BALTIMORE (WBFF) - Almost 350 people lost their lives on the streets of Baltimore last year, and there have been a hundred people murdered already this year.
In Operation: Crime & Justice, FOX45’s long-term investigation into Baltimore’s safety crisis, we discovered more than double the number of killings that indicated an unknown motive.
While some experts point out motive is not a legal element required in court, other experts explain the role motive does play in the investigation of a murder.
Understanding why a homicide happens can lead to the identification of person who potentially committed the deadly crime.

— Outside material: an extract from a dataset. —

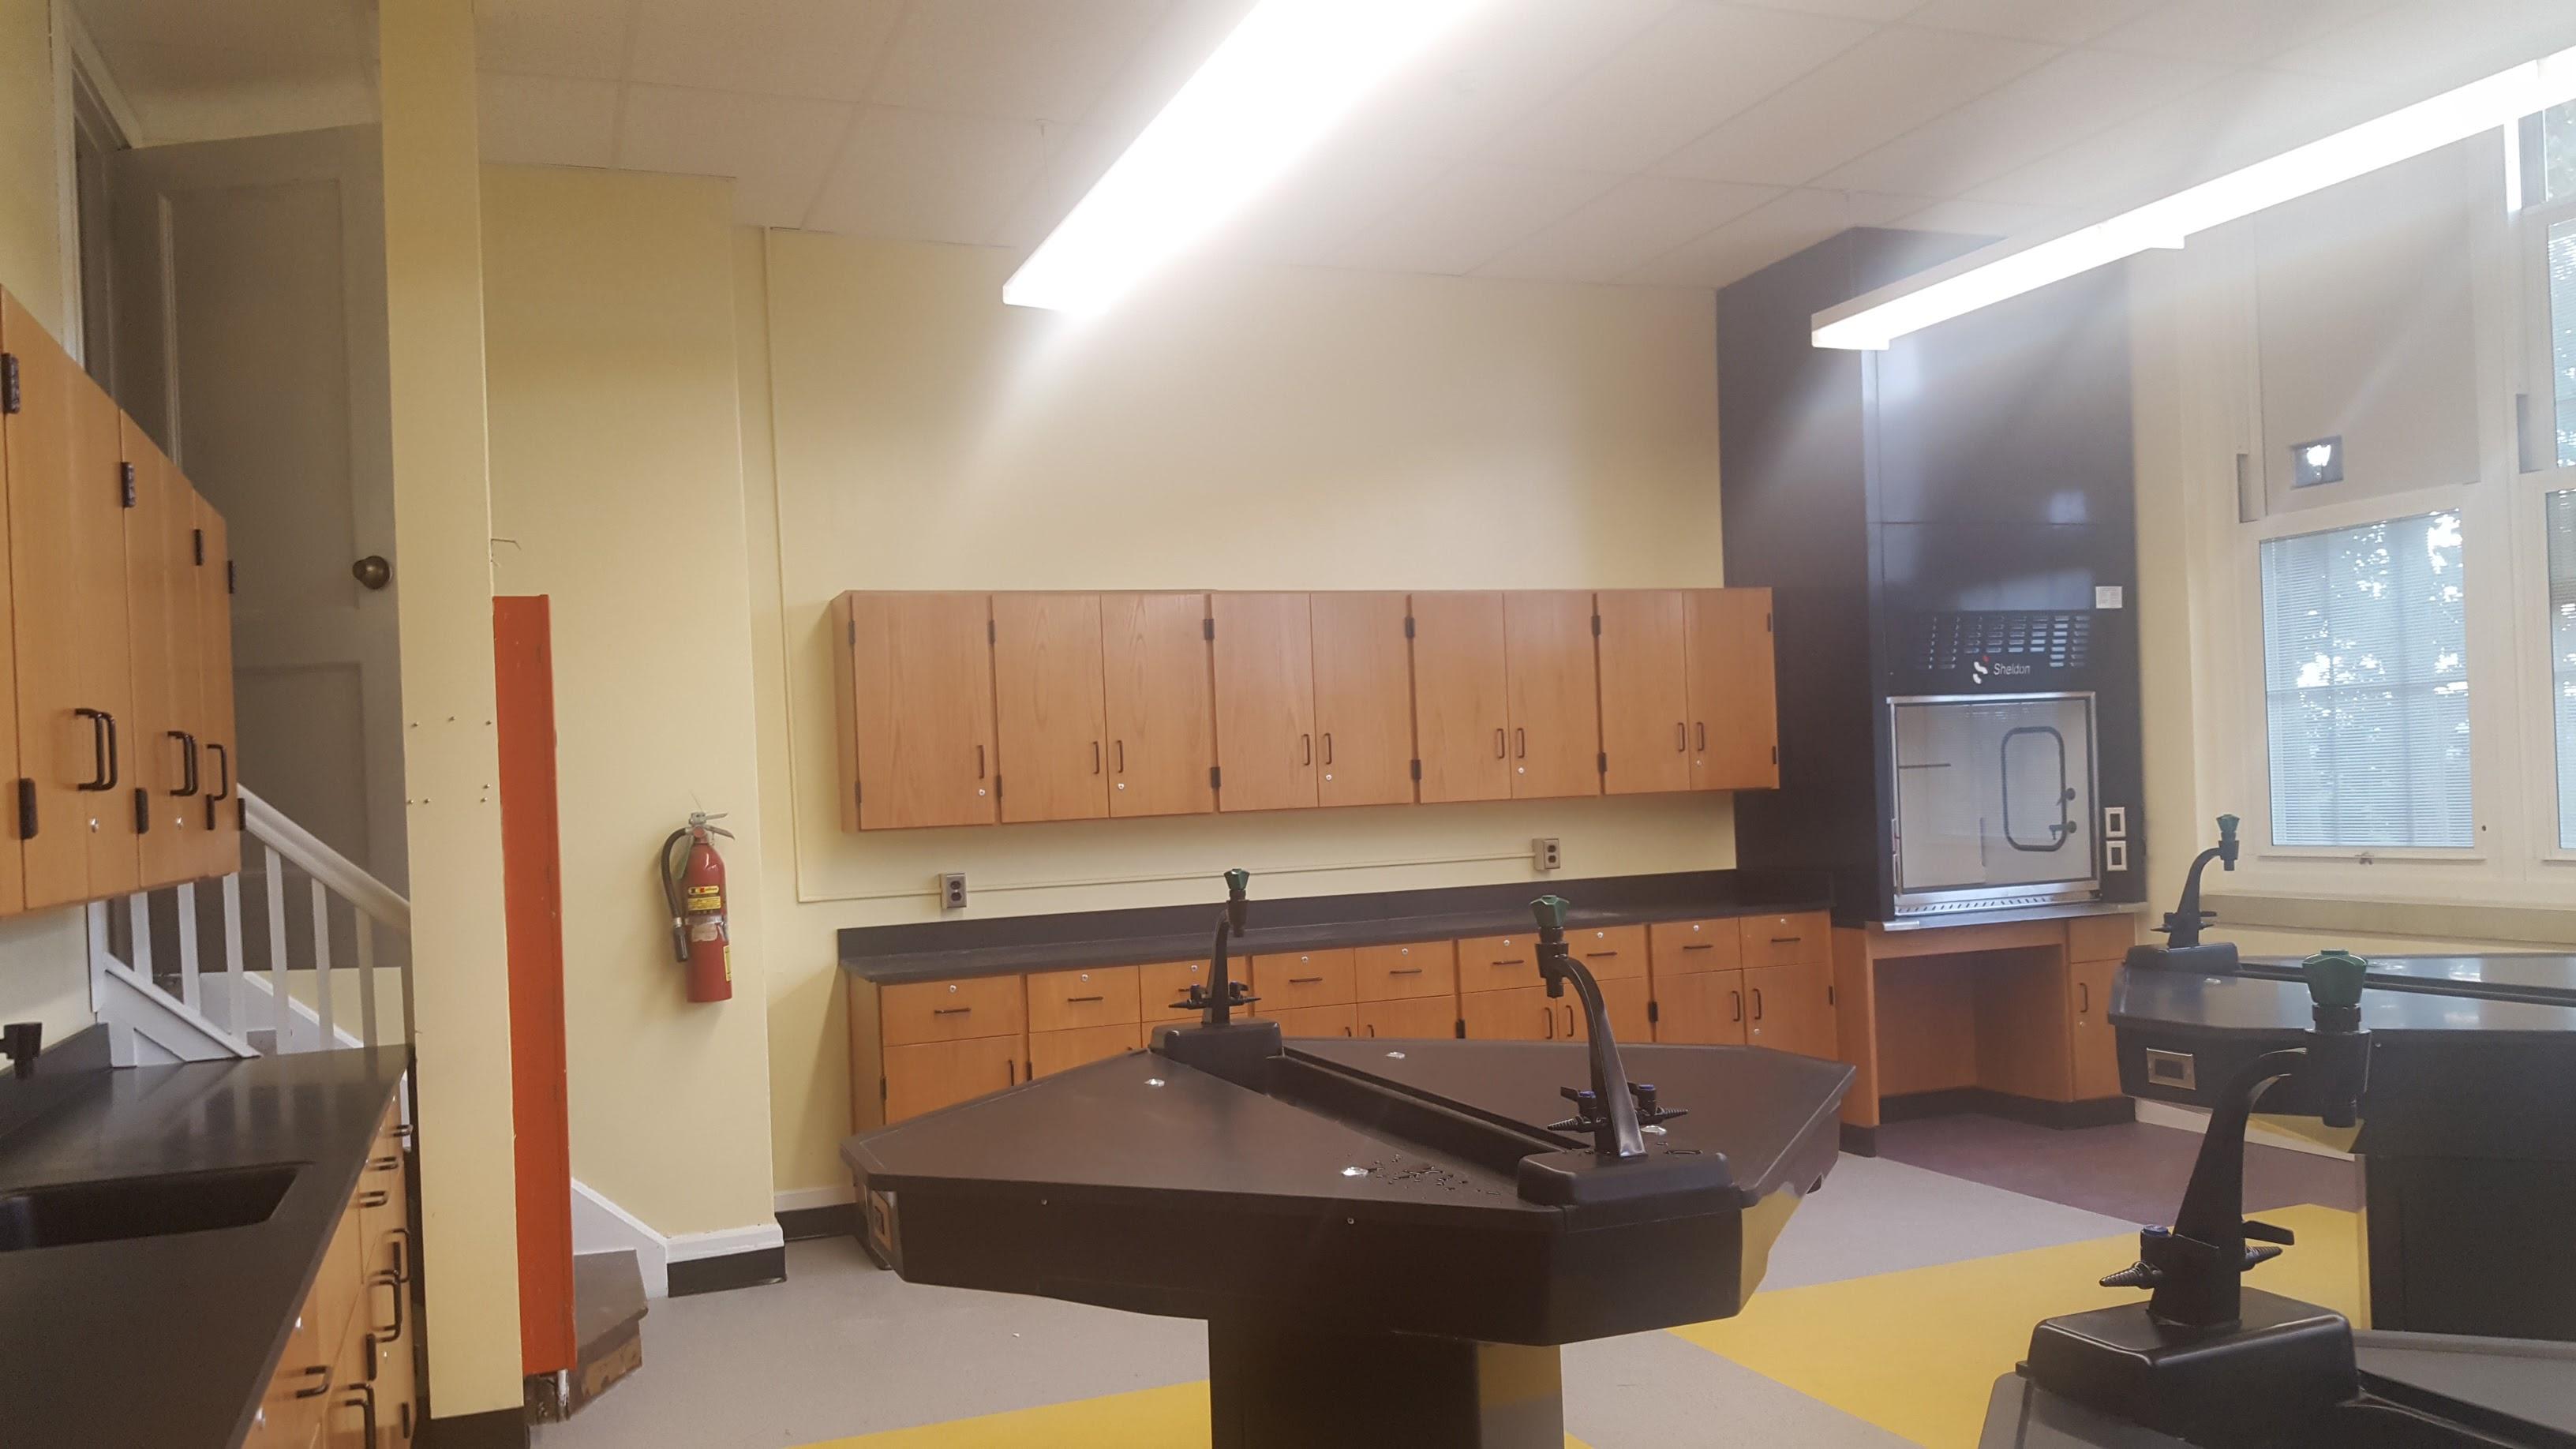 bogota nj high school chooses longo labs for chemistry lab

We went through two years of data and found the reasons behind many of Baltimore’s murders remain a mystery in almost half of the cases.

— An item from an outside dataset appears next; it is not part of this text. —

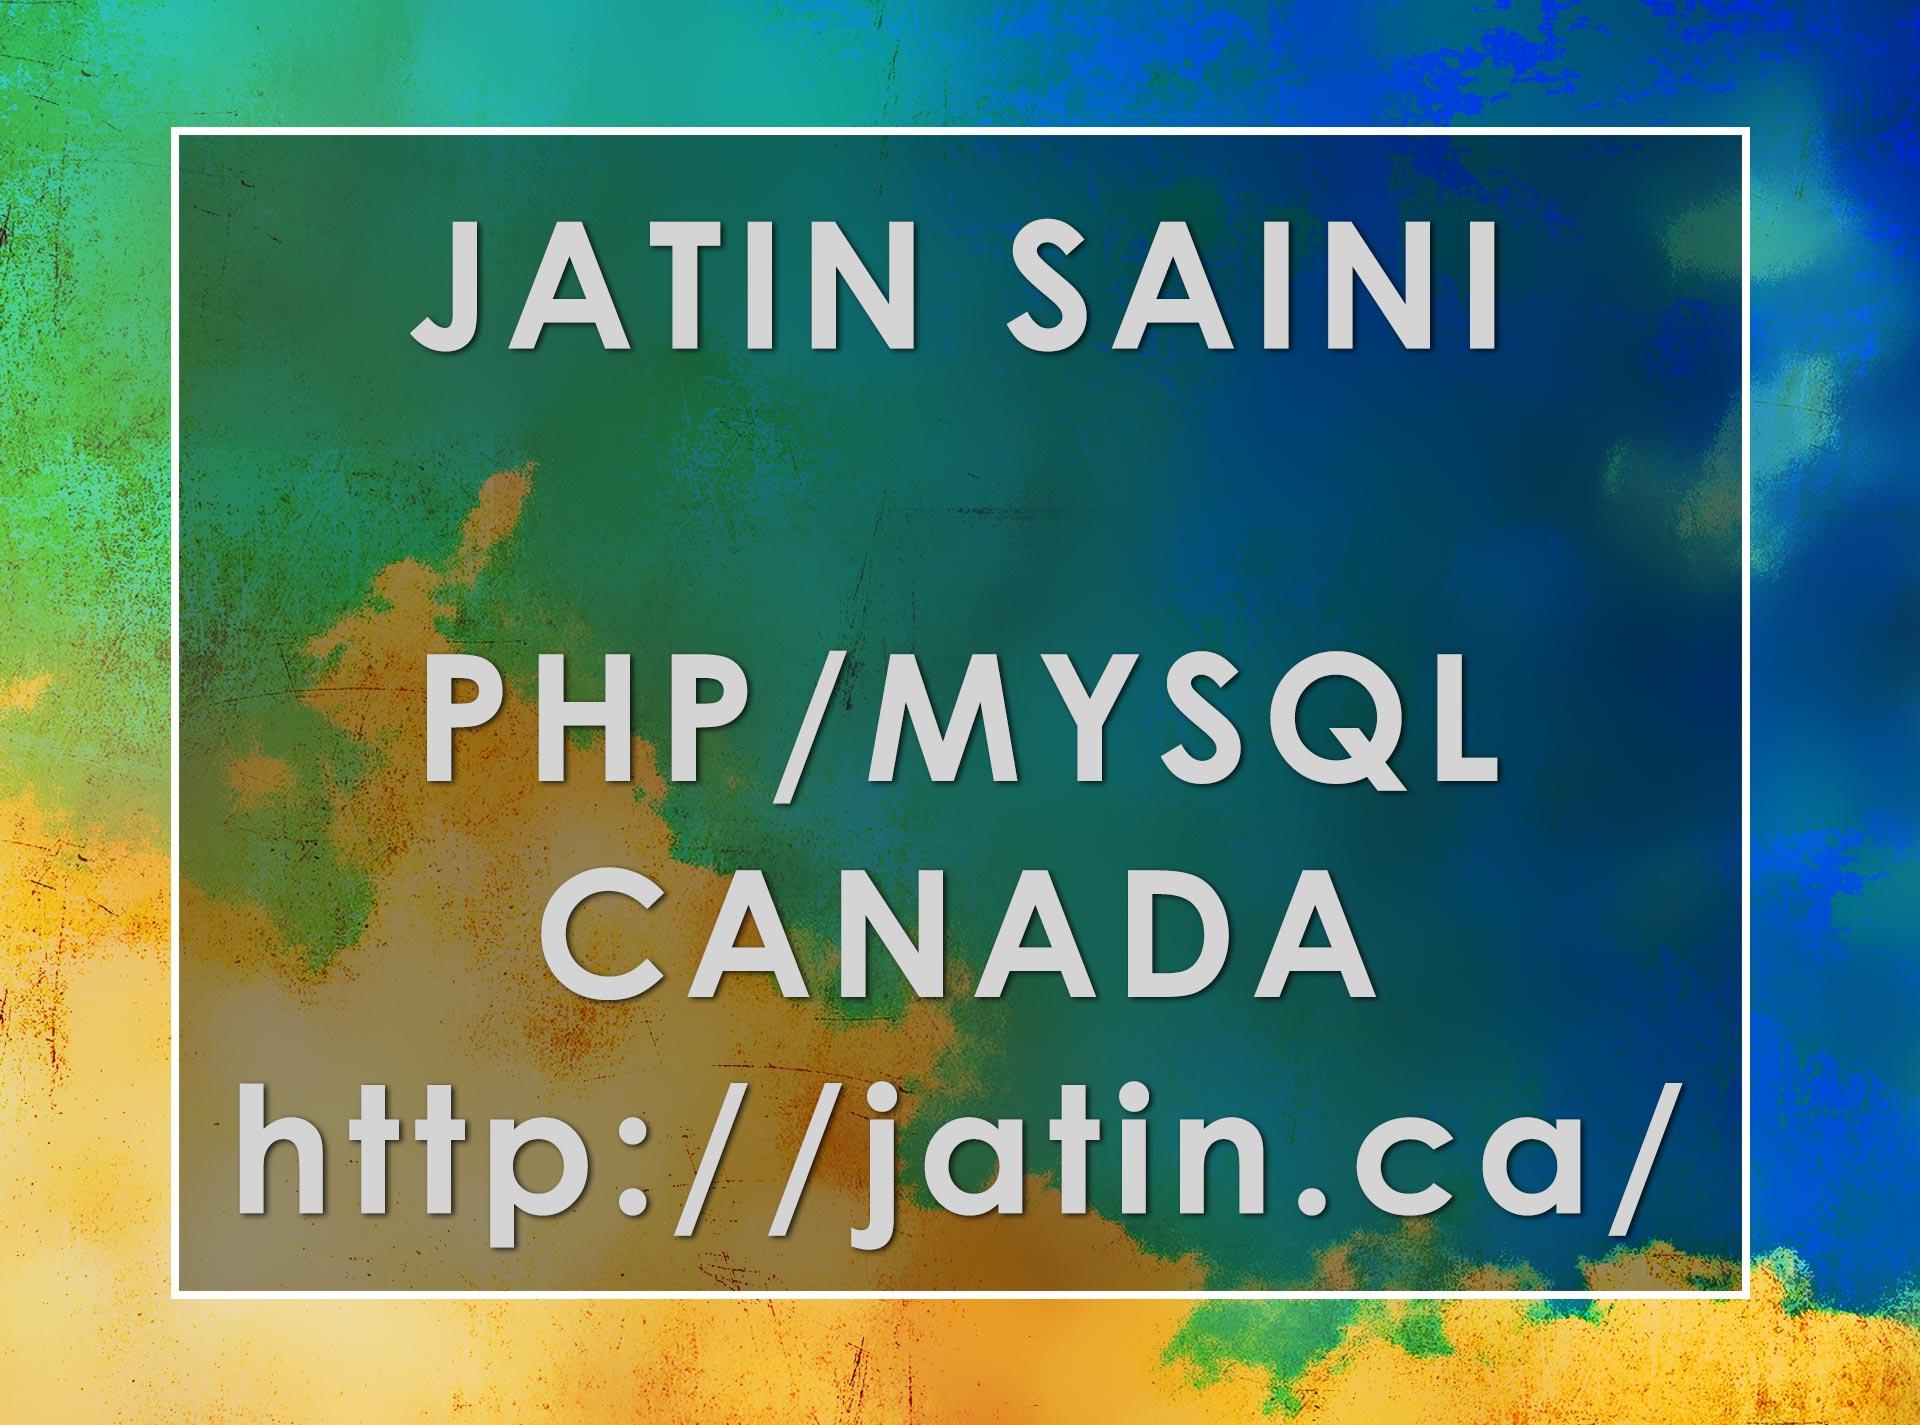 Search Engine Specialist Jatin Saini

Daphne Alston is co-founder of the group Mothers of Murdered Sons and Daughters.
Alston admits it’s easy to desire revenge after a loved one is killed. She lost her in a fatal shooting ten years ago.
Alston said: “The first thing that came to my mind after I got the news was, 'All right, let’s get rid of that person who did it.' You know what I’m saying? That's a natural reaction. Now, I’m a grown woman; I got a little more sense. I said, 'Wait a minute, wait a minute, we're moving a little bit too fast. We've got these young people, you hurt their cousin, their homeboy, their friend, their adrenaline is running fast. They want action. They're not gonna stop until they do it.'”
Retaliation killings are behind some of the murders in Baltimore, but not as much as you might think.
In 2016, robberies, arguments, drugs, retaliation were all top motives.
The category with the most cases were those in which the motive was unknown.
By 2017, the percentage of homicides involving an unknown motive more than doubled to 47 percent.
Baltimore Police denied our request for an interview.
Criminologist Dr. Jeffrey Ian Ross said: “Homicide detectives are always overburdened. They’re always going from one case to another, and they may not have the luxury to dig as deep as you and I might want. For families who live each day knowing their loved one’s killer has yet to arrested, motive matters."
Alston said: “Do we want those people living in our community?... That’s the question we need to ask ourselves.”